Purves is the scientist’s scientist. He pursues the questions he’s genuinely interested in and does so with original approaches and ideas. Over the years, he’s changed the subject of his research multiple times, all with the intent of understanding how the brain works, tackling subjects that were new and unfamiliar to him, as opposed to chasing trends and techniques or sticking to a tried-and-true research path. His career is an instance of the claim Viktor Frankl makes in Man’s Search for Meaning (1946): ‘For success, like happiness, cannot be pursued; it must ensue, and it only does so as the unintended side-effect of one’s personal dedication to a cause greater than oneself …’ If success is measured by accolades, then it did indeed follow Purves’s pursuits. Among a laundry list of awards and honours, he’s one of the few scientists elected both to the National Academy of Sciences (1989) and to what is now the National Academy of Medicine (1996). Election to either is considered to be among the highest honours that can be bestowed on a scientist in the United States. Nevertheless, if the name ‘Dale Purves’ sounds familiar to you, it is likely because you took a neuroscience course in college, for which the textbook was Neuroscience by Purves et al (one of the most popular and now in its 7th edition). Indeed, this is the text I used when I taught an introductory neuroscience course at Princeton.

Oddly enough, Purves’s passion for neuroscience took time and experience to materialise. As an undergraduate at Yale, he struggled initially but found a major – philosophy – intending to pursue medicine. Purves developed an interest in science but didn’t know anything about being a scientist, and medicine seemed close enough. In 1960, he entered Harvard Medical School thinking he would become a psychiatrist. In his first year, he took a course on the nervous system, taught by young hotshot neuroscientists, some of whom would go on to be among the greats of the 20th century (and whose work is now textbook material): David Potter, Ed Furshpan, David Hubel and Torsten Wiesel (the latter two won the Nobel Prize in 1981, along with Roger Sperry). Purves finished his medical degree in 1964, but he had grown disillusioned with psychiatry. He’d tried switching to general surgery, but realised he lacked the intensity of interest in surgery required to excel.
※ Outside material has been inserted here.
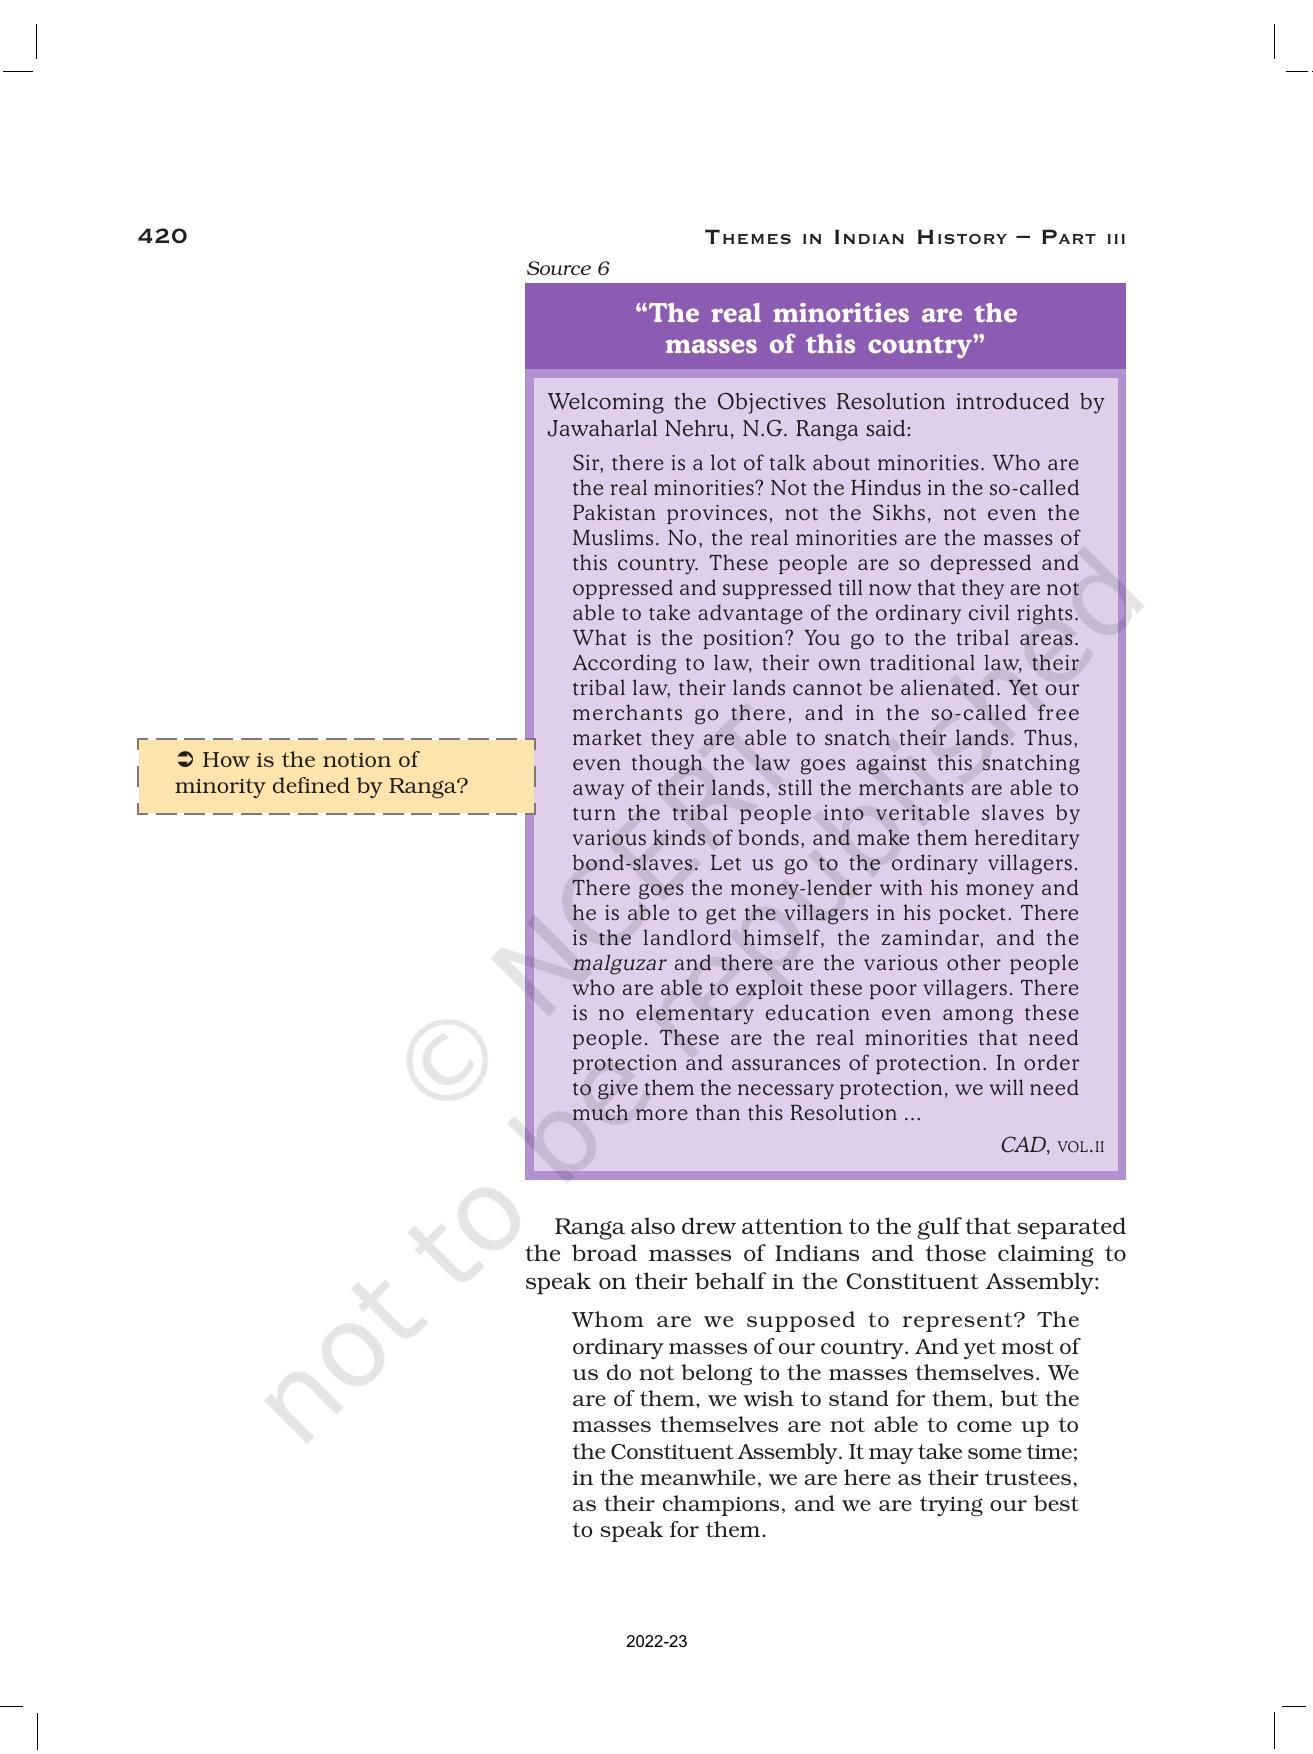 NCERT Book for Class 12 History (Part-III) Chapter 15 Framing and the Constitution - Page 16

It was 1965, and the Vietnam War gave him time to think. Purves was drafted but, as a physician, could serve his time as a Peace Corps employee, which he did in Venezuela. There, he said, he came across a book, The Machinery of the Brain (1963) by Dean Wooldridge, that synthesised what he learned years ago in that first-year course on the nervous system. The book was written for the lay reader and shared the current knowledge about the brains of humans and other animals. Its particular angle was to compare the brain to the computer technology of the time. The book reignited Purves’s interest in the brain, which was first piqued in his medical school course. When he returned to the US, Purves would begin again as a researcher in neuroscience.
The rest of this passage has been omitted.